= Hugh Doherty (footballer) =

Irish footballer (1921–2014)

Hugh Doherty (5 May 1921 – 29 September 2014) was an Irish footballer who played on the right wing.

==Career==
Doherty, who began his career with Dundalk, made a handful of appearances for Celtic in the 1946–47 season, at the end of which he was released and was immediately signed up by Blackpool, just as they had also signed Stanley Matthews. Before making any League appearances, he was injured during the Tangerines 1947–48 campaign, seriously enough so, Blackpool thought, that he was ultimately paid off and had his contract cancelled. He returned to Glasgow, where he trained with Clyde, before being signed by Raith Rovers. His knee gave way during his comeback game, after which he decided his professional career was over and returned to his birthplace of County Donegal.

He was able to continue at amateur level, turning out for Buncrana Hearts, a team he had co-founded in 1944.

He was also involved in the development of the Inishowen League, Ulster Senior League and Ulster Football Association.
At the age of 93 he was still active as assistant treasurer of the Inishowen Football League.
In 2012, he was honoured by the Ulster Football Association in appreciation for services to football.
In 2013, he was the recipient of the FAI's John Sherlock Services to Football Award and in February 2013, he was presented with the Donegal Sports Star Hall of Fame Award by FAI Chief Executive, John Delaney.

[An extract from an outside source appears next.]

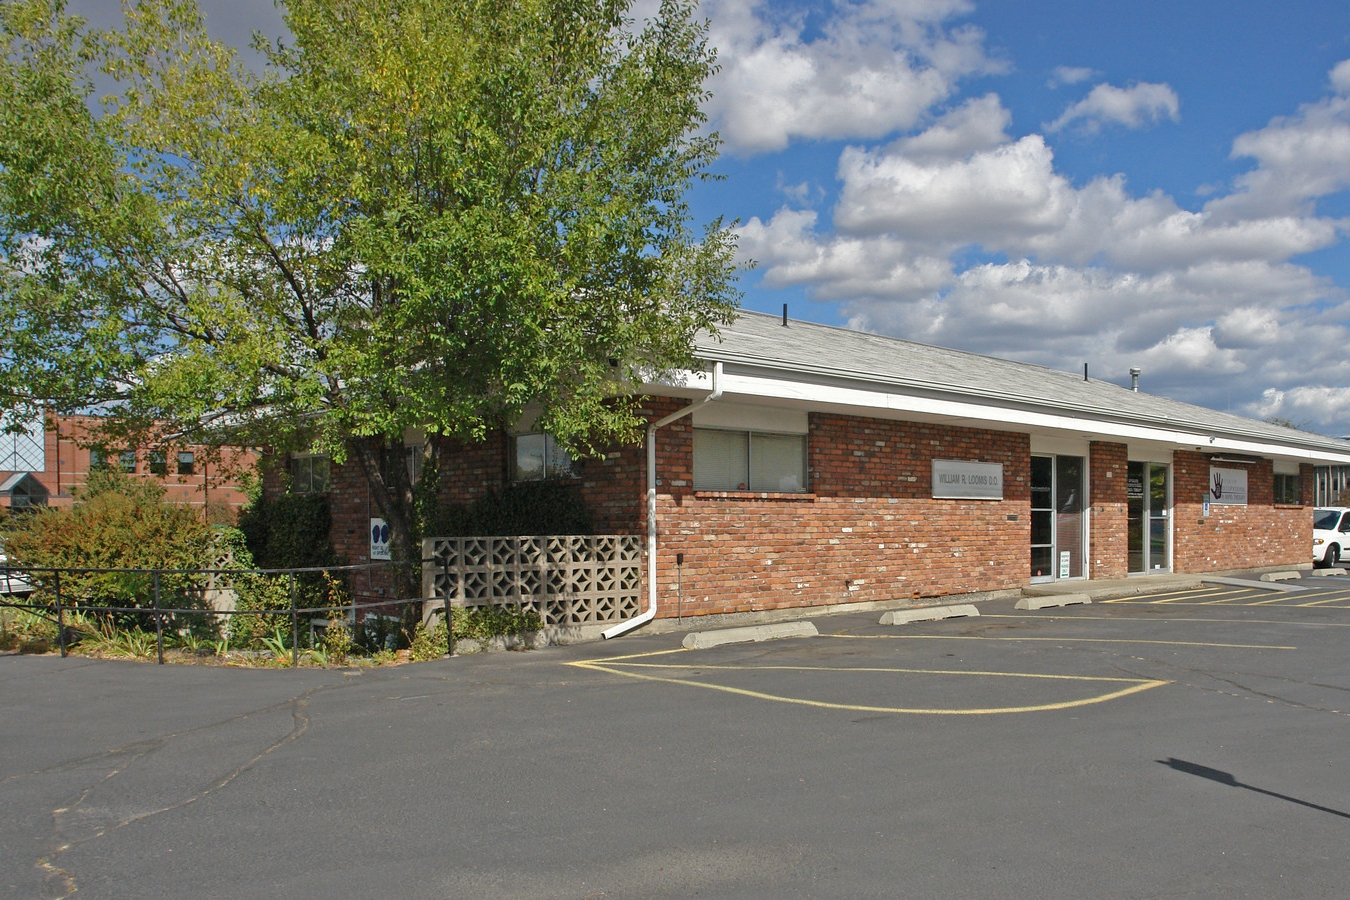 Medical/Office Space in North Spokane  Sale: $260,000

When making his debut for Dundalk at Milltown against Shamrock Rovers, part of a wall collapsed on children standing on the sidelines of the pitch. As Hugh was nearby he pulled a child out from under the debris and carried him off the pitch. The following week he received a standing ovation from the Dundalk crowd as his picture, with the blood stained shirt, had appeared in the national newspapers unknown to himself.

==Personal life==
Doherty was married to Eithne, a Dubliner, until her death in 2006. They had five children: Anthony and Ann-Marie, who pre-deceased their parents, and Deirdre, Denis and Eamon. He also had four grandchildren. He lived independently until the final few weeks of his life.

==Death==
Doherty died on 29 September 2014 at the age of 93. He was the oldest living Celtic player at the time of his death.